Census-designated place in Platt County, Illinois, United States

White Heath is a census-designated place in Piatt County, Illinois, United States. As of the 2020 census, its population was 251.

==History==

A plaque in the community center states that the area was settled by a Mr. White and a Mr. Heath. Noble Porter Heath (1830-1893), moved his farm to the area in 1871 from Sagamon Township. Frank White, who had purchased land in Sagamon Township in 1861, sold 160 acres of what would be White Heath to James Deland for $6040 in 1872. Heath served as a witness to the sale.

Located about 15 miles west of Champaign, IL, Deland platted the town at the junction point of two pioneer railroads that were constructing through the area - the Monticello Railroad (Champaign-Monticello-Decatur) and the Havana, Mason City, Lincoln & Eastern Railroad through the named towns. Mr. Deland was an incorporator of the H, MC, L & E and owned property at the junction point. Being a railroad junction, it was expected White Heath could develop into a major town, but when this failed to materialize, Mr. Deland sold his land interests in the town. The two pioneer railroads were later consolidated and the lines eventually became part of the Illinois Central.

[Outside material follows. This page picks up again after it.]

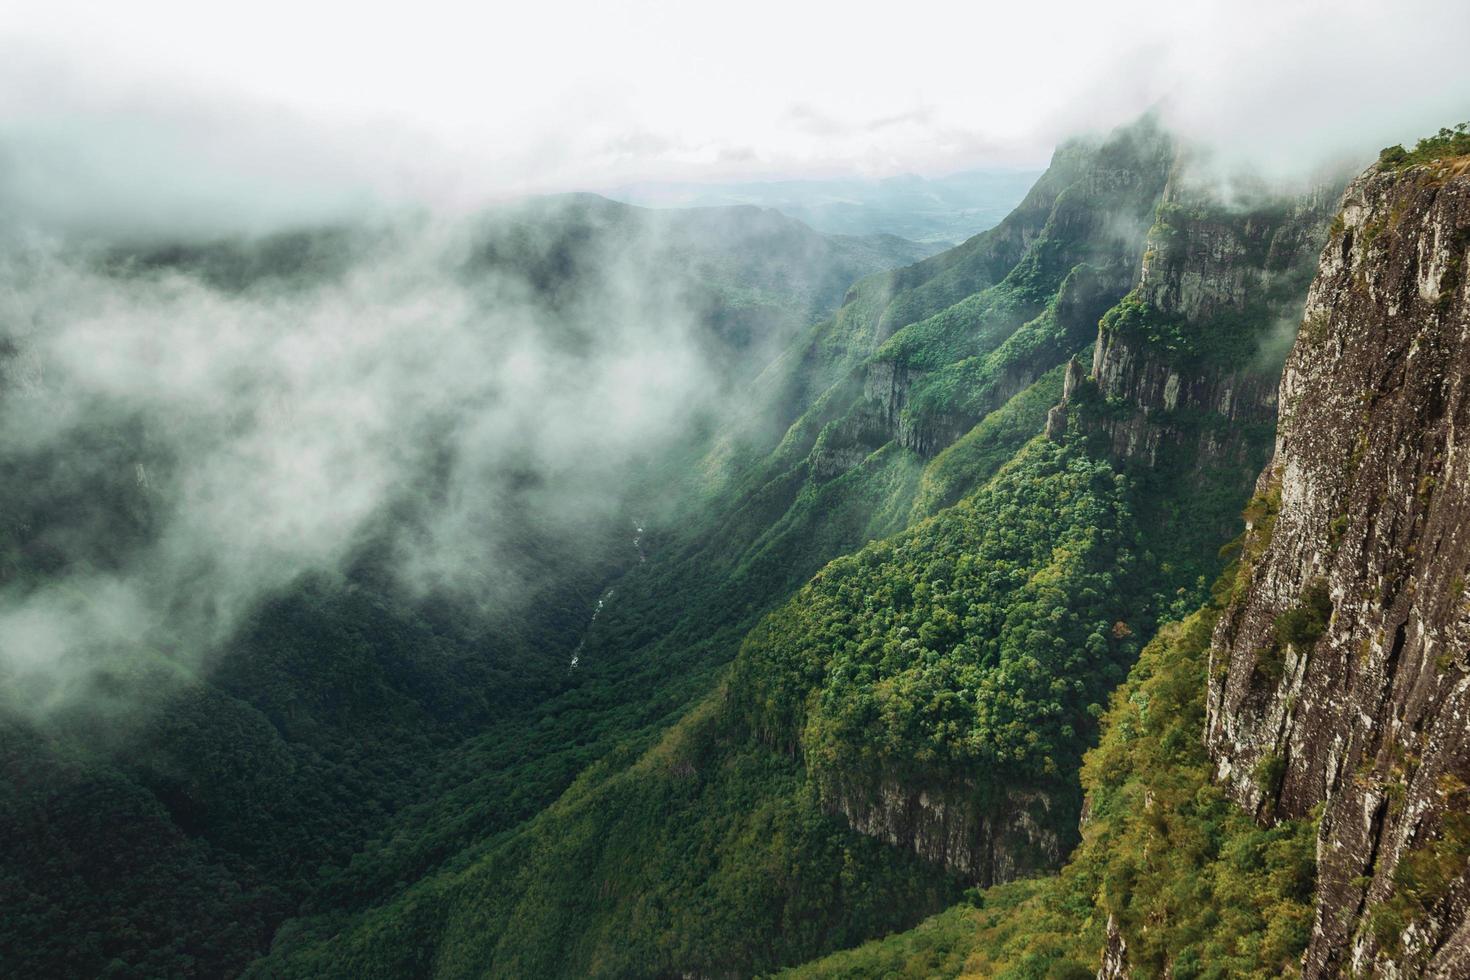 immense canyon de fortaleza avec des falaises rocheuses abruptes couvertes d'une épaisse forêt par temps nuageux près de cambara do sul. une petite ville de campagne dans le sud du brésil avec des attractions touristiques naturelles étonnantes. photo
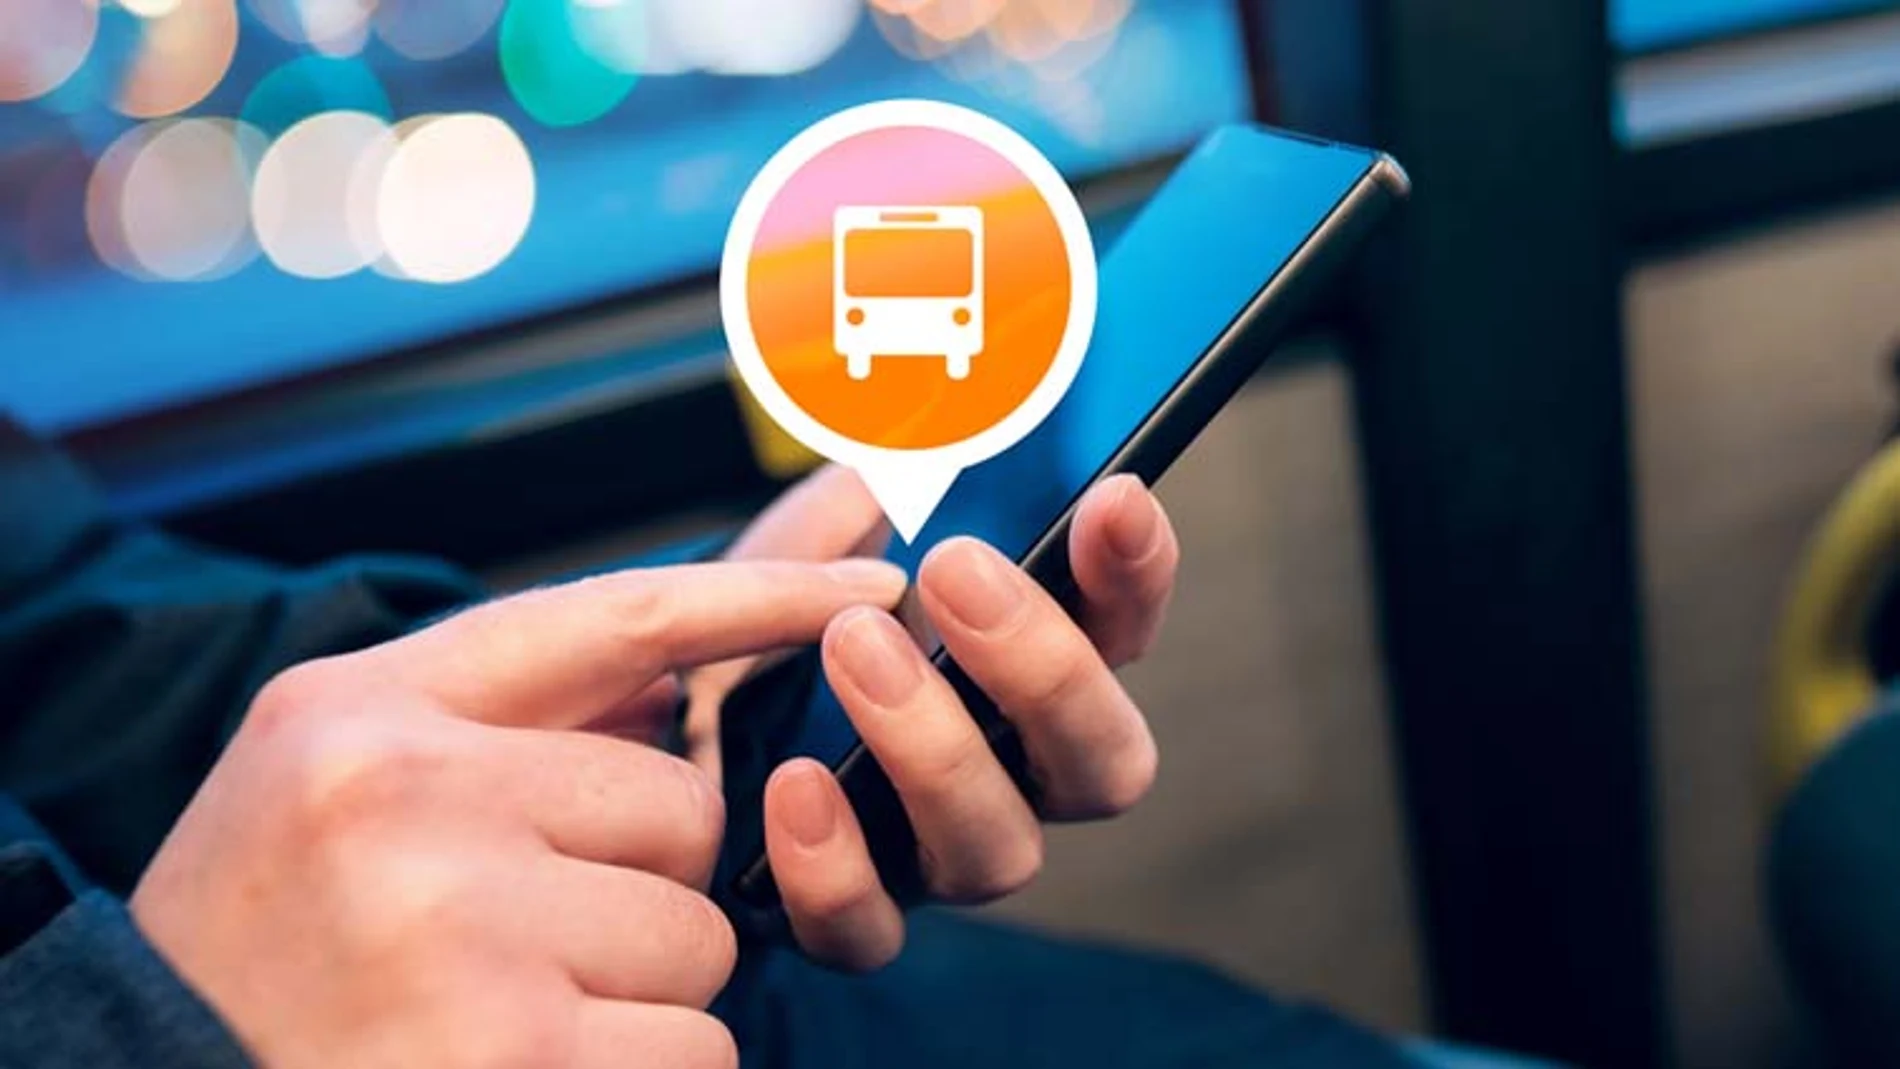 Al acceder al transporte público no será necesario utilizar billetes ni un abono, el pago se podrá realizar desde un móvil Android de forma segura.

The first church in White Heath was the Camp Creek Methodist Church. It had been founded in 1854 and was located about a mile south White Heath, but in 1897 the church was moved to the town.

The Monticello Railway Museum purchased 7 miles of the former Illinois Central Decatur and Havana District branch lines between Monticello and White Heath on July 29, 1987. White Heath is located at the northern end of the Museum's purchase. The trackage arrangement in White Heath forms a complete "wye" which can be used to turn trains. The depot, built in 1942 to replace an earlier structure, is still standing although it is owned by a local resident and not the Museum. It is unused at present. The Decatur District (MRyM's "Central District") has been refurbished for operation at 10 mph to White Heath and is occasionally used for the Museum's "Railroad Days" event on the third weekend of September every year. At the present time, privately owned freight cars are stored on the north 2 miles of the Museum's trackage into White Heath as a fundraiser. When the track is completely refurbished, Museum trains may enter White Heath and use the Wye.

There is one school, White Heath Elementary School. Their mascot (when a junior high school and had sports) was a Warrior. The school is now part of Monticello Community District School #25.

==Geography==
White Heath is located in Sangamon Township.

==Notable person==
The zoologist Richard D. Alexander was born in White Heath in 1929.